想必他们是从没想过我说的话,否则我们的元旦联欢也不会被安排在一天紧张的课程之后。期末考试逼近,课业的压力,成绩的负担,让人甚至无法自由呼吸,更别提有心准备那傀儡般的元旦联欢。但让我烦心的,其实还不只这些。
元旦前夜,我接到了小熊的电话。因为初中毕业后就很少和他接触的关系,所以我很难第一耳就分辨出他的声音。但他劈头就是一句:“你他妈还好好活着呢吧?”就算一百年没通电话我也能听得出这口气是他。
“那必须的,我可不敢死你前边儿。”我没好气地回应。
“妈的,哥好心好意打电话关心你一下,你还他妈不领情。”
“你丫那叫关心啊?那我也关心你一下。熊哥,你他妈的什么时候死啊?”
“嘿,我操,你丫行。”他语毕,电话两端的我俩不约而同地笑出了声。我想,只有铁磁之间才能有这样犀利的对话吧。只有在哥们面前你才能完全释放自己。什么礼貌啊客套啊,全部打包扔天空去,互相调侃互相宣泄才是最真实的表达。
“说真的啊,怎么现在想起给我电话了?两年多死哪儿去了?”
“我靠,你还真够哥们儿啊,连我在哪儿上学都不知道。”他佯装怒腔。其实我怎么能不知道他“死”哪儿去呢?那家伙因为家人工作调动,初中毕业后就去了外地的学校。现在又和我联系,想必是衣锦还乡了。
“在外面儿混不下去了想回来吧?说吧,转哪儿去了?”
“你们学校。”他语气中带着窃笑。
“我们学校?你丫没事儿吧?你爹的实力不是指哪儿就能把你打哪儿去吗?”小熊有个了不起的爹,他爹的了不起,在我们眼中等于多到可以无度挥霍的钱。初中那会儿,无论穿衣打扮还是饮食习惯,小熊给人的感觉都是奢侈。阿迪的款型趋向我们总是能从他的脚上发现。不过他仗义得也随和的很,不像有些公子哥那样的孤傲,总为朋友仗义疏财。据说,暑假有不少哥们给女朋友做流产手术的钱就是他支援的。说他张扬吧,他也确实有张扬的资本。不过总觉得这种大手大脚的消费方式有点儿危险。至于哪里危险,我也说不出个所以然来。

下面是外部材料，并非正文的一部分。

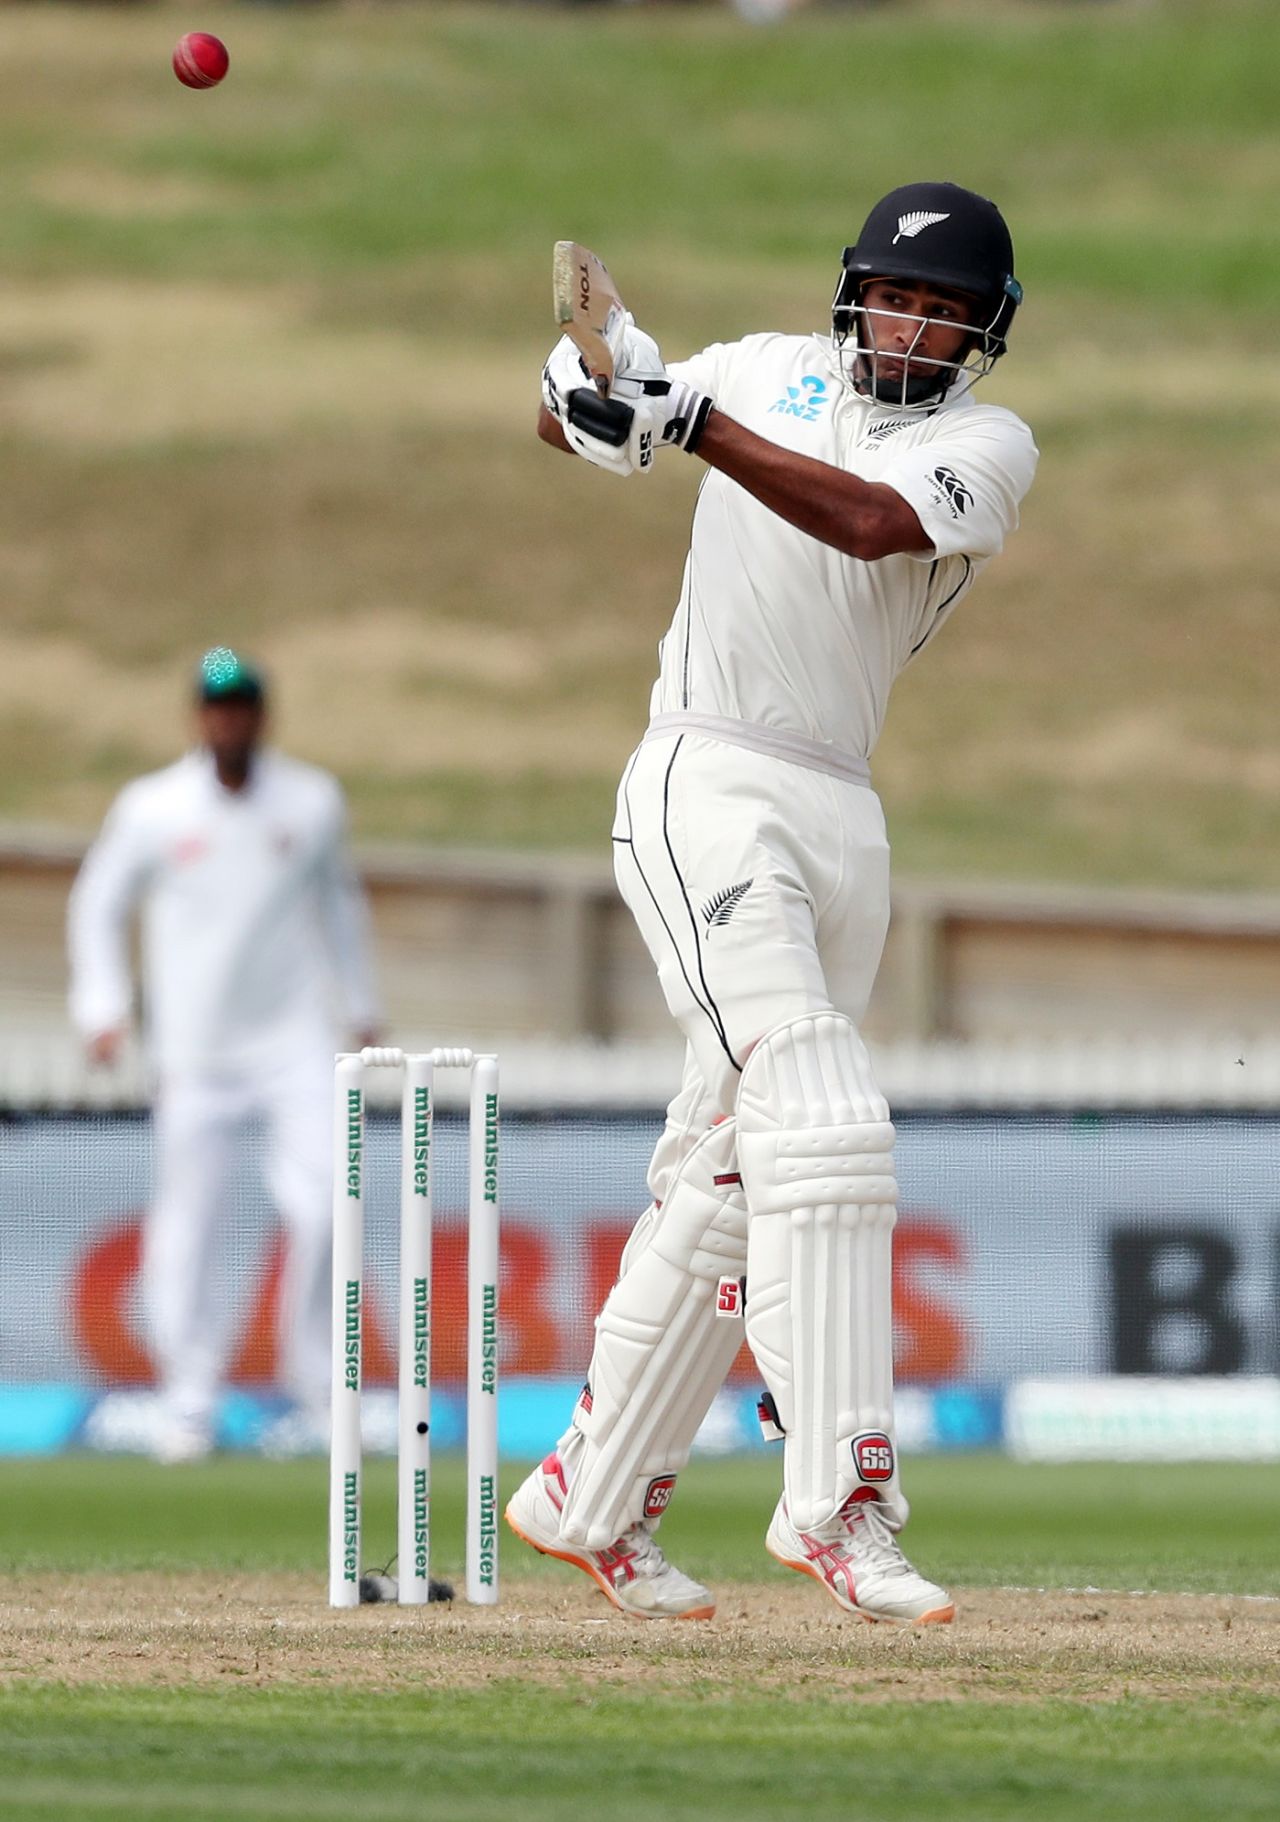 Jeet Raval pulls one on the way to his maiden Test century, New Zealand v Bangladesh, 1st Test, Hamilton, 2nd day, March 1, 2019

“钱是没问题,不过只有你们学校接收留级的插班生啊。”他一语道破天机。原来是这家伙被强制重修,而我们学校又碰巧关心钱胜过关心你的经历。是啊,他真是选对地方啊。
“那你打电话来就是想告诉我你要当我学弟咯?”
“不全是啦,当然主要得和涛哥叙叙旧啊。对了,你真好好地没什么事吧?”他突然改变了调侃的语气,一种少有的认真不难从他言语中读出。
“真没事,我挺好的。”
“那就好了,那我就放心了,我听说了……”
尽管元旦被压抑得不像元旦,但这个节日还是如约而至。那天,北京下了好大的雪,似乎想拼命掩盖住2006年的悲伤与失败,想告诉世人,新年会有新气象。
呆呆的班级一大早就有人出动。在学校还未明亮之前,在操场上涂鸦了对全校的祝福。雪地中一个大大的篮球图案包围着三年一班的字样。篮球下面,鲜明地写着:“高三一班祝全校师生新年快乐!”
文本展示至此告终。